*** Opening of DATA EXCERPT ***

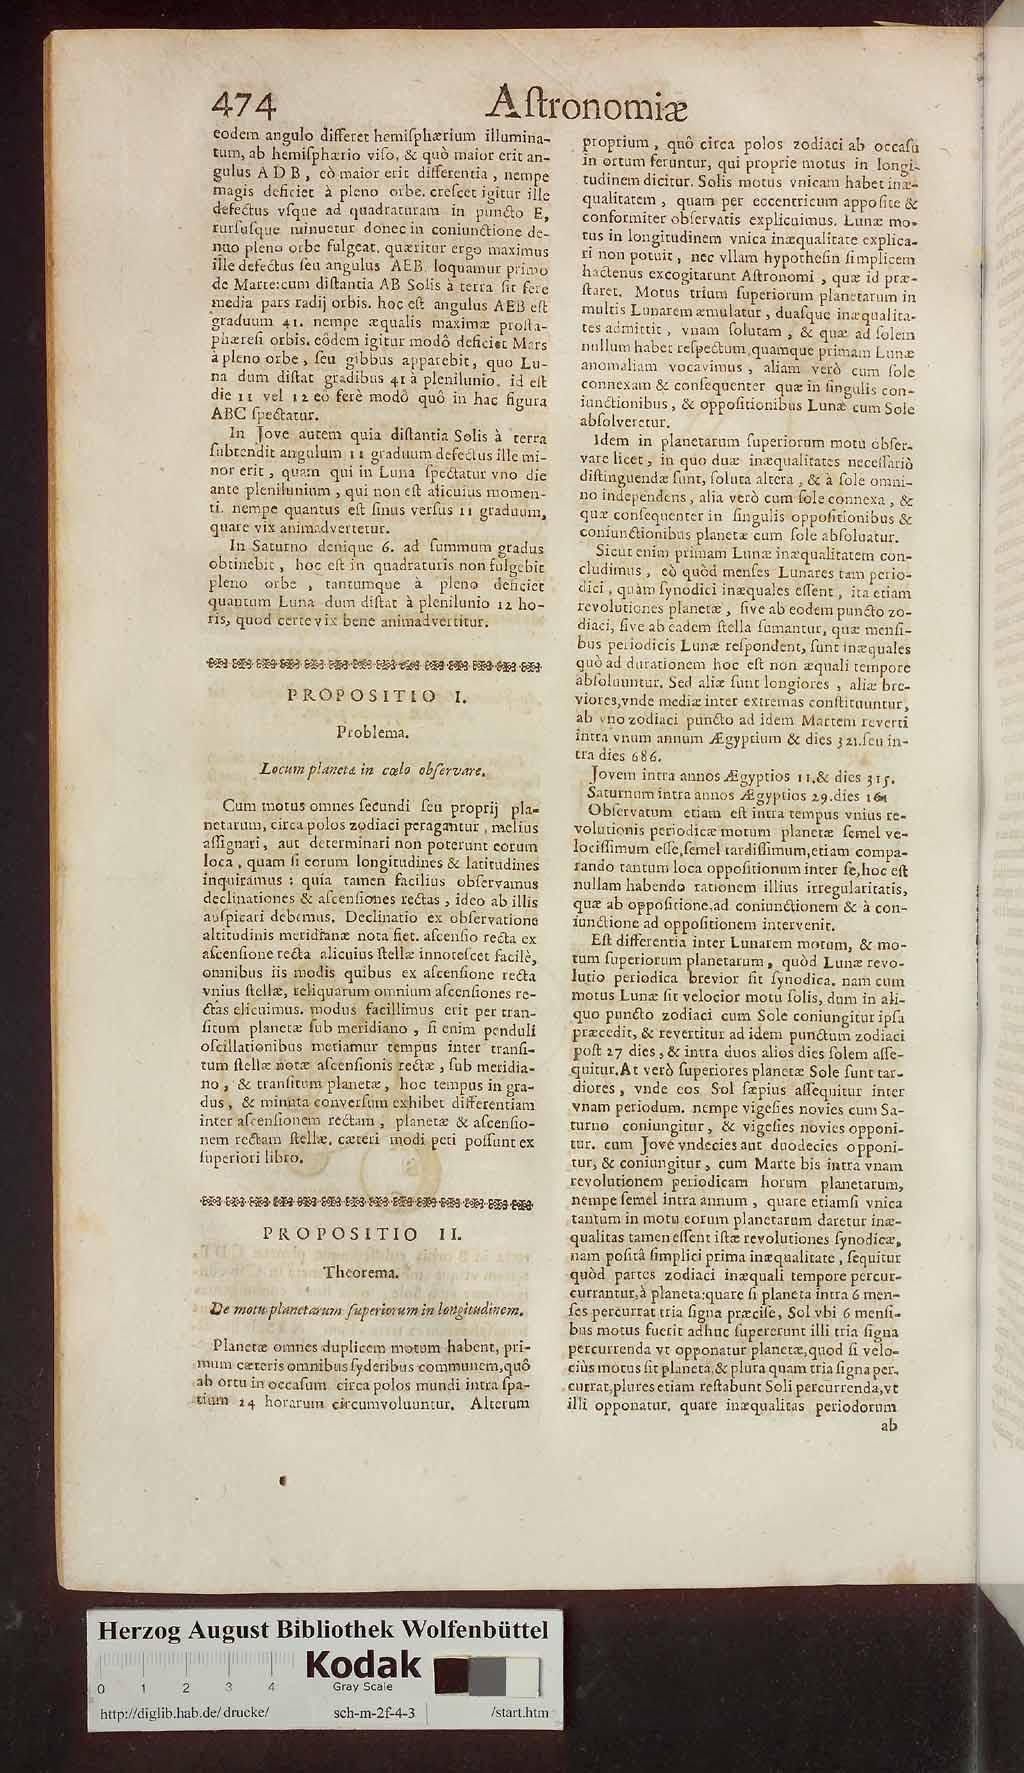 http://diglib.hab.de/drucke/sch-m-2f-4-3/00514.jpg
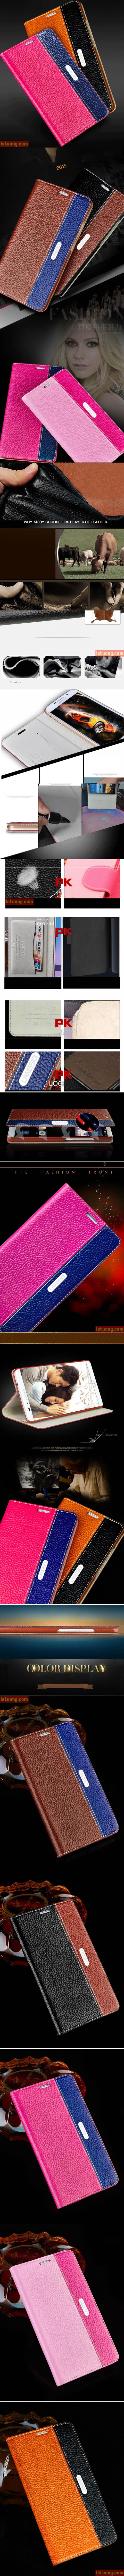 Bao da Sony M4 Aqua Langside da thật 100%, thời trang 5
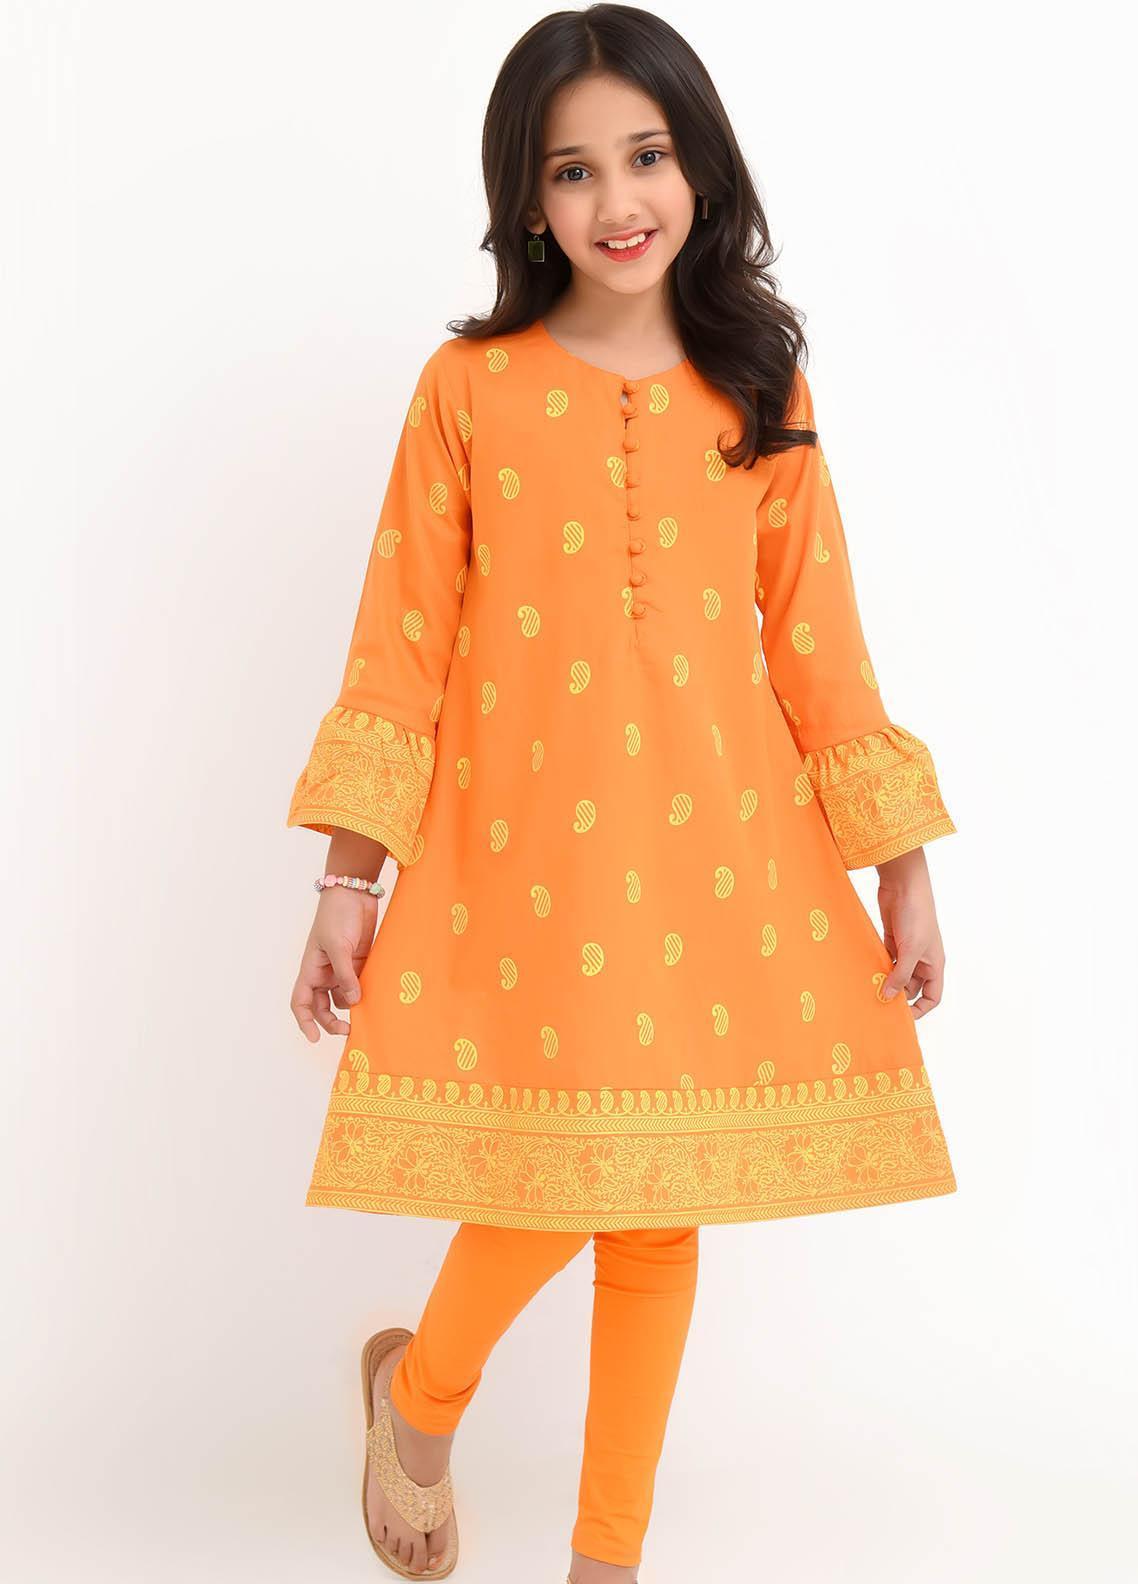 Ochre Cotton Fancy Girls Kurtis -  OFK 753 Orange

*** Close of DATA EXCERPT ***

**YOUR OBJECTIVE:**
Write out the material above precisely, leaving each picture behind.

**ANSWER TO THIS PROBLEM:**
 http://diglib.hab.de/drucke/sch-m-2f-4-3/00514.jpg
 Bao da Sony M4 Aqua Langside da thật 100%, thời trang 5
 Ochre Cotton Fancy Girls Kurtis -  OFK 753 Orange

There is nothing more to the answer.